The land to the west of the river was good farming land, or so I was told, and this was the bone of contention between the local Bosniaks, who farmed it now, and the Bosnian Serbs who lived up in the high ground to the east – to which was now added those Bosnian Serbs driven out of Bugs –whose ancestors had farmed it prior to the arrival of the Turks in the 14th century. The Bosnian Serbs planting the explosives along the road, and generally terrorising the locals, were probably those who had been driven out of Bugs.
Big Ben accompanied my section when we made our first patrol. We had two Land Rovers, which would give us scant protection if the local Bosnian Serbs opened up with RPGs, but according to the Yorkshire corporal they were only armed with light machine guns and AK-47s.
We crawled along in second gear, eyes swivelling back and forth like spectators at the Centre Court of Wimbledon. I was in the front vehicle and as we came round a slight bend I spotted a dark shape in the road. Both vehicles stopped, and we jumped out and took up an all-round defensive position –not that the body in the road would do us much harm.
We had learned in Northern Ireland that bodies dumped at the roadside were often booby trapped. As soon as you lifted the body the grenade underneath would explode, killing or wounding anyone standing close by. The procedure was to approach the body, checking for trip wires or anything suspicious. The corpse then had to be rolled, so that anything nasty underneath could be spotted, or as was more likely, explode. The trick was to keep the dead body between your live body and any suspected explosive underneath the corpse, as you rolled it over.
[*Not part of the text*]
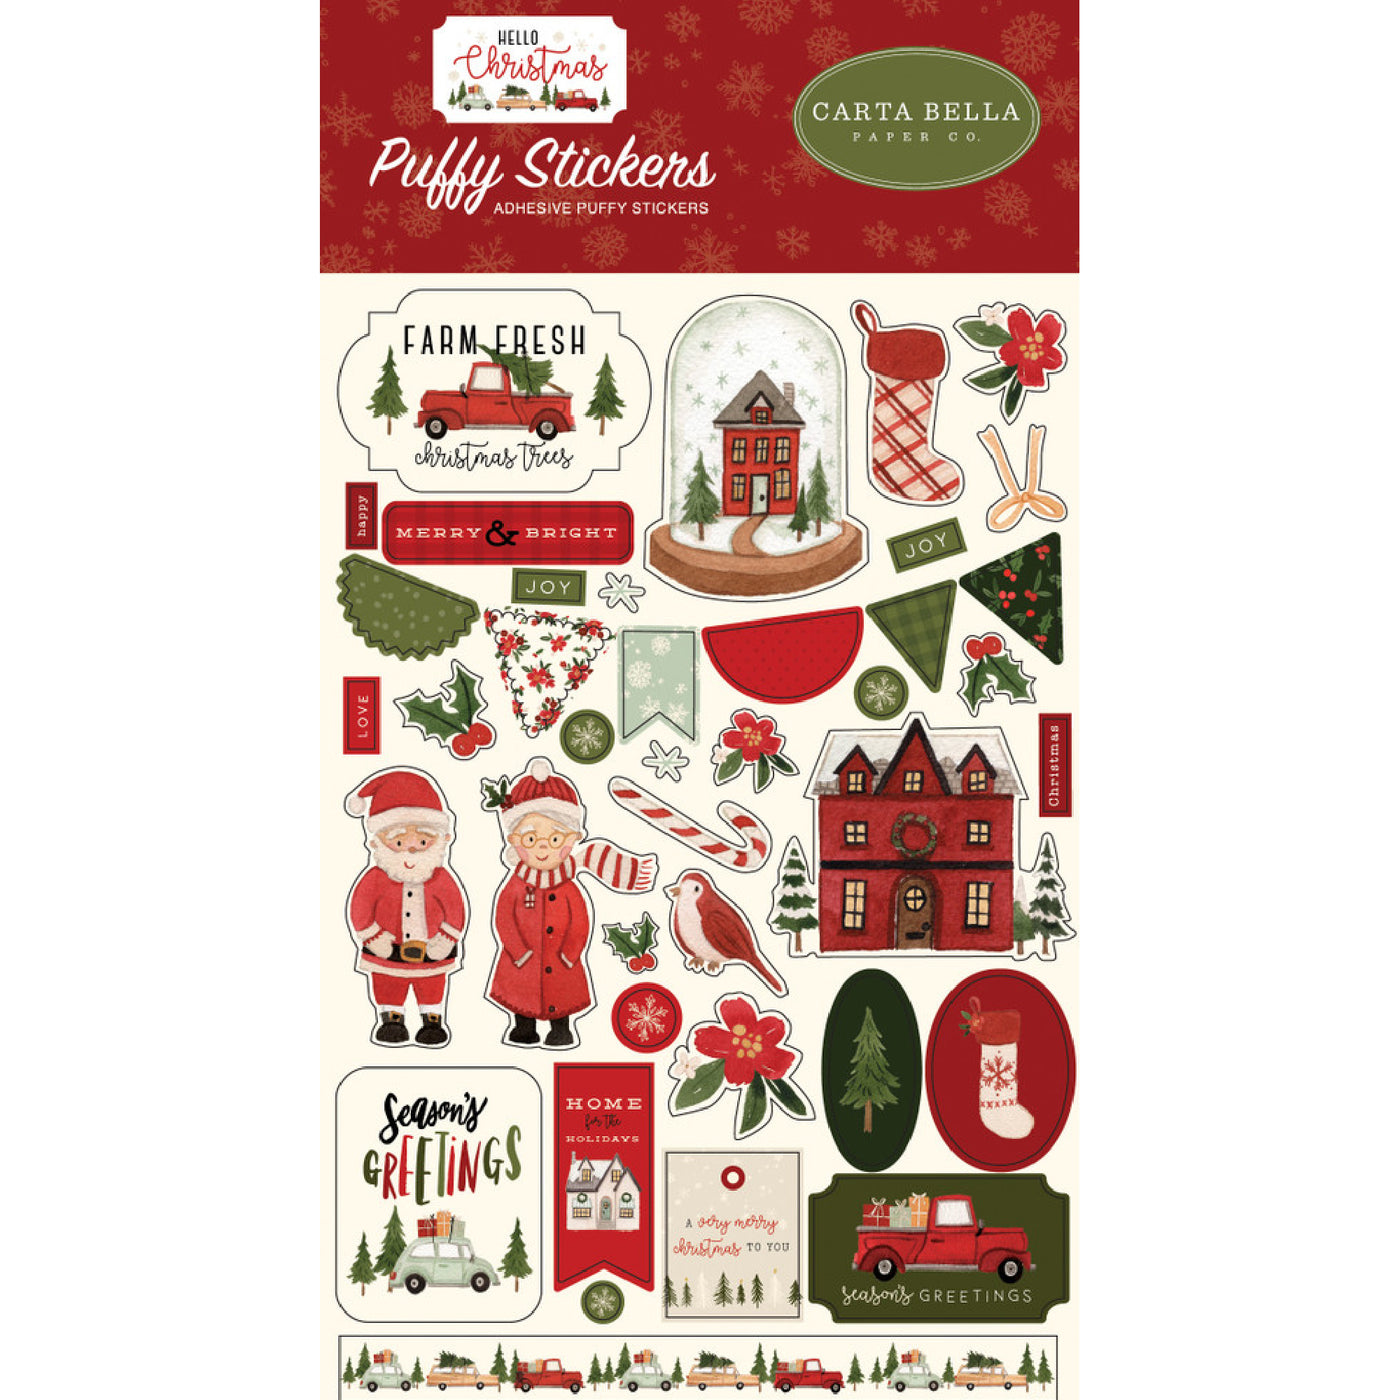 39 Puffy Stickers in various shapes and sizes; adhesive back, designed to coordinate with Hello Christmas Collection by Carta Bella.

I lay down alongside the body, a young bloke of about twenty. I couldn't tell what ethnic group he belonged to because, and I don't want you to think I'm a racist when I say this: all the inhabitants of BH looked the same to me, probably because except for religion and their particular feuds, they were all the same ethnicity. I rolled him over, using his body as a shield, and there was no grenade or explosive under his body, neither was there a pair of bollocks as he had been disembowelled, and I was covered in sticky, semi congealed blood. I admit to swearing.
We dug a shallow grave at the side of the road, and marked it with a piece of wood. I determined from then on I would tie a rope to any body dumped on the road and pull on it with the Land Rover. Not very respectful to the poor departed soul I admit, but a damn sight quicker, and less messy, for us.